As we move closer and closer towards realism in video games and the ability to program life-like environments and characters, it seems like games are being shoe-horned towards being realistic. After all, if the ability is there, then not using it is just wasted potential. Or so it seems. In this way, realism is a detriment to the variety and natural variability that once made video games unique; just because the ability is there doesn’t mean that developers or even players want their video games to feel like real life. That’s what we already have…well, the real world for. That’s not to say that realistic games are bad, I love feeling immersed in a post-apocalypse or war. But I also love feeling immersed in an exotic, fantastic land. More often than not, immersion is not a matter of graphical capacity, but the choices made developing the game itself.
There are still a few things that developers can’t do given our current, albeit advanced technology. Rockstar’s L.A. Noir rings a bell with the facial recognition and expression mechanic, a feature that would be difficult to implement without an impressive level of detail. Even still, the mechanic was used to the point where it almost became comical how drastically facial expressions changed when a character was lying. Reliance on technology for a game mechanic only goes so far, the rest must be made up with elbow grease and smart decisions on the part of the developer.
In that sense, the most important part of a video game is (or should be) about striking a balance between game-play and graphical ability. Just having one without the other doesn’t make a game. Even from a practical perspective, one negative consequence about the resources involved in making better-looking games is that they have become larger (in terms of bits) and also shorter in length due to the cost and hours involved in making everything look pristine.

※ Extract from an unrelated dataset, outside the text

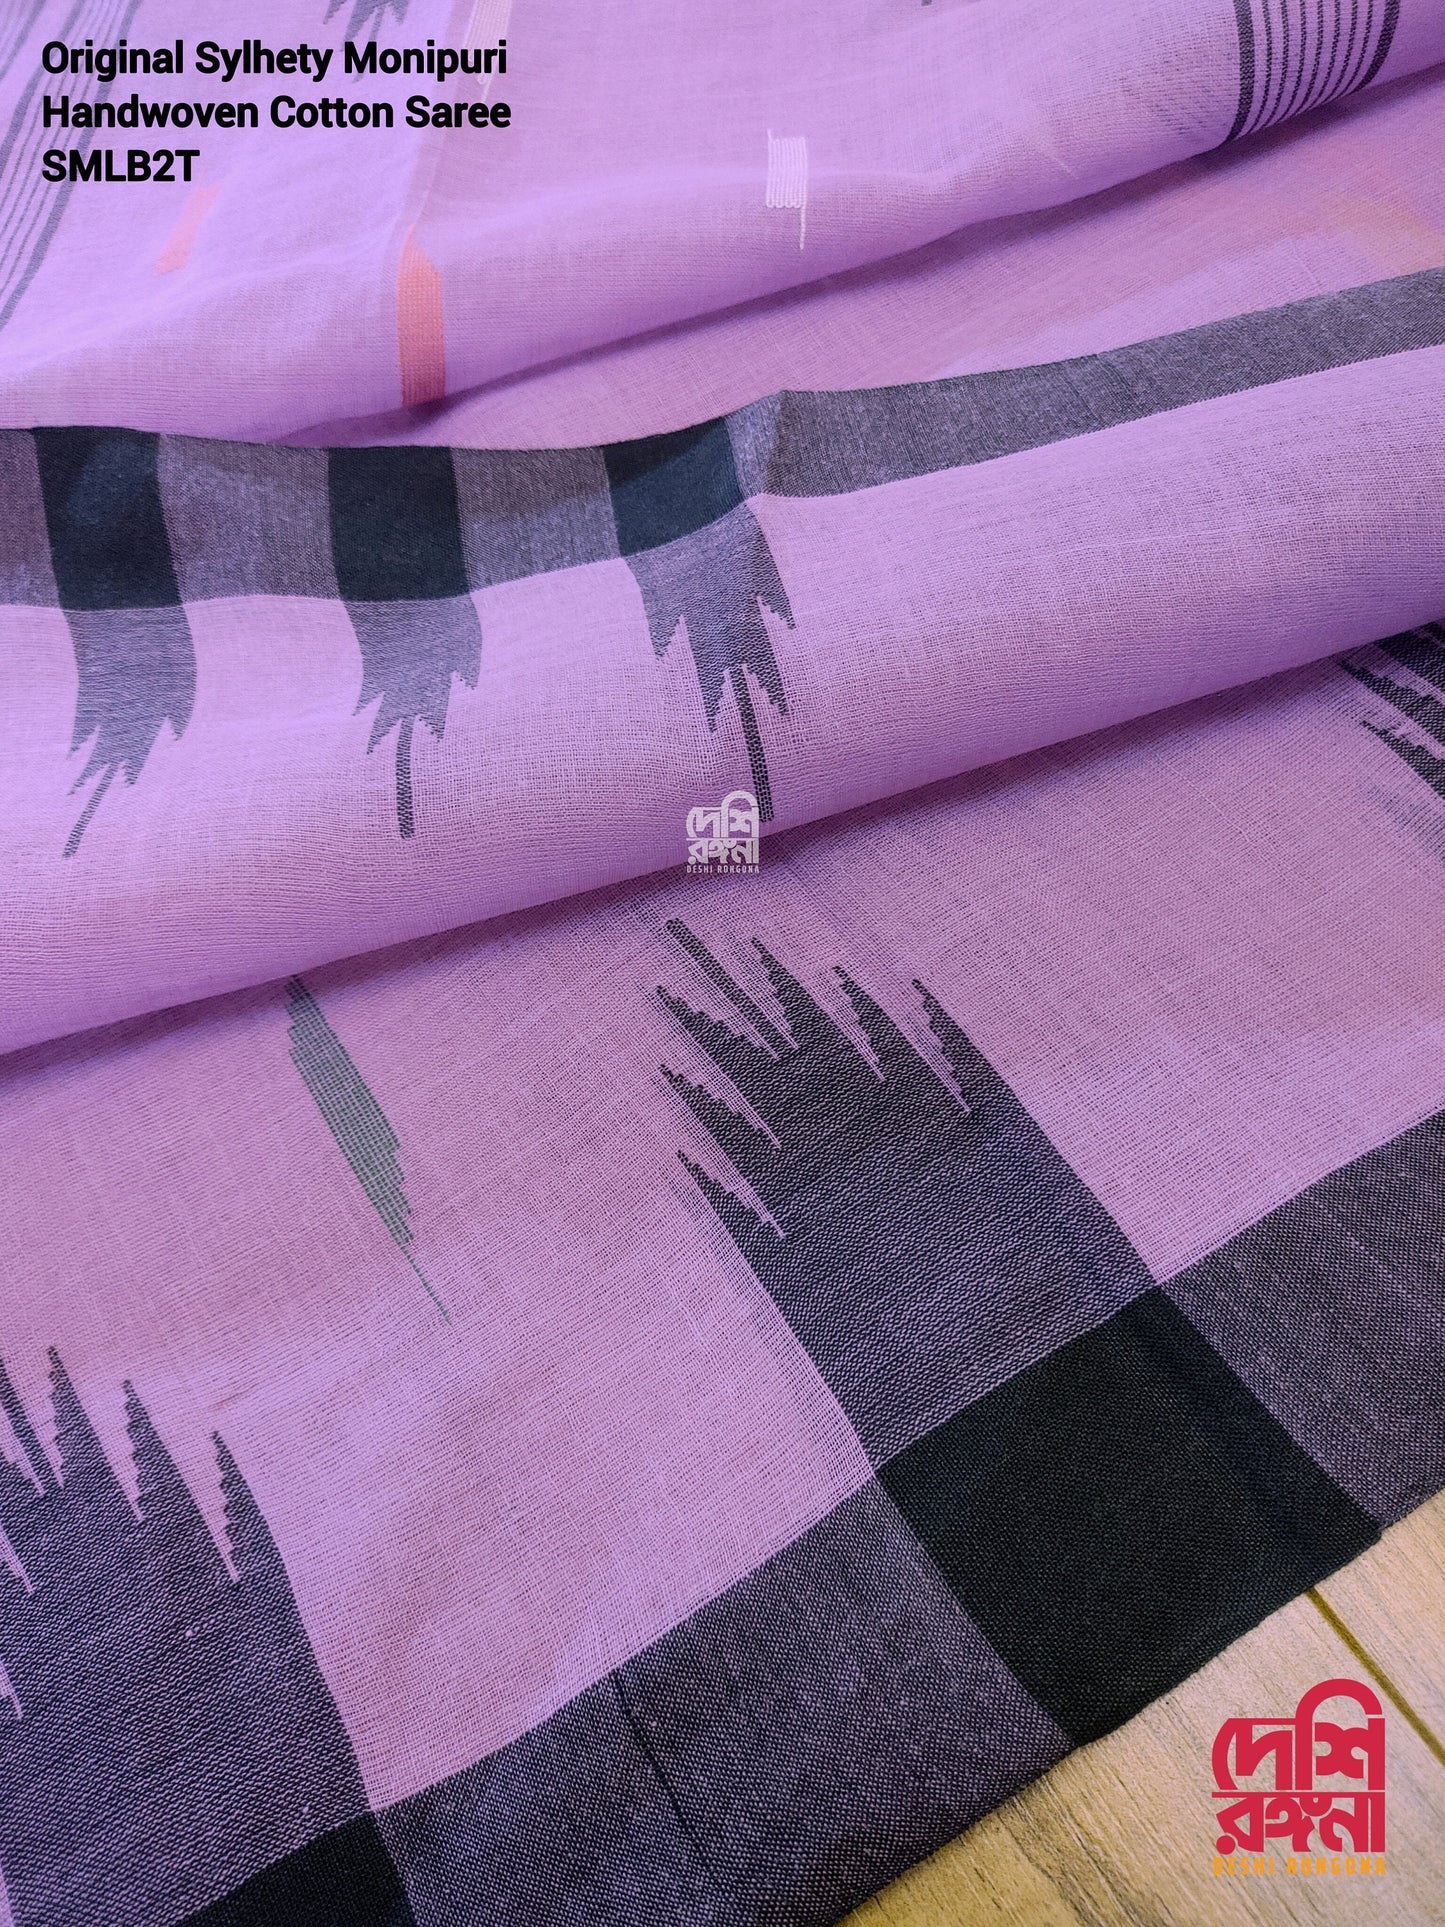 Sylheti Original Monipuri Handwoven Soft Cotton Saree, Beautiful Lavender with Black Hand Woven Border,Bangladeshi Tribal Traditional Saree

The blind pursuit of realism doesn’t accomplish much other than quench the non-existent demand for things to look closer to the real world.
I look forward to what the next generation of consoles has in store, not because of the swanky new specs that each will surely have, but because I think the focus will gradually shift from computing power to focus instead on gameplay. And if we’re lucky, graphics will remain a benchmark of ability, a toolbox for developers, and nothing more.






Good article, but I would say that there is a very real demand for better graphics. I’m sure there are plenty of people that consider games like Deus Ex and other games from that period unplayable now because the graphics aren’t detailed enough.
I played Deus Ex for the first time a year ago and didn’t find the graphics an issue whatsoever. The shooting mechanics made me stumble longer. I just look at it like an art style or something and not consider it 100% photorealistic lol.
This was a good read, I really wish developers would focus more on the “GAME” itself not just how pretty it is. I would also rather have a game with a good art style than a game with 7,000,000,000,000 polygons on the screen at once.
Graphical updates are what sells the majority of games. The faceless hordes wouldn’t line up to spend sixty bucks plus tax on the newest prolefeed if all they got was a game that was fun to play.
Crysis 2 had some nice graphics but it was spoiled by slightly jerky animations and invincible civilians/allies just ruined ‘immersion’. If you’re trying to convey a photo-realistic world, everything else has to step up too.
It’s nice to stare at the details in an environment to appreciate the details for a bit but at the end of the day you play a game to play the damn game.
I think you bring up a valid point: it’s not that the quest for better graphical quality is a vain or futile one, it’s just that the way the industry has tended, graphical progression has outpaced other ways/technologies to get gamers immersed in the games they play. Graphics are the most sophisticated thing about games right now, but we’re nearing that uncanny valley grey zone where it might be time to focus on other aspects of the game.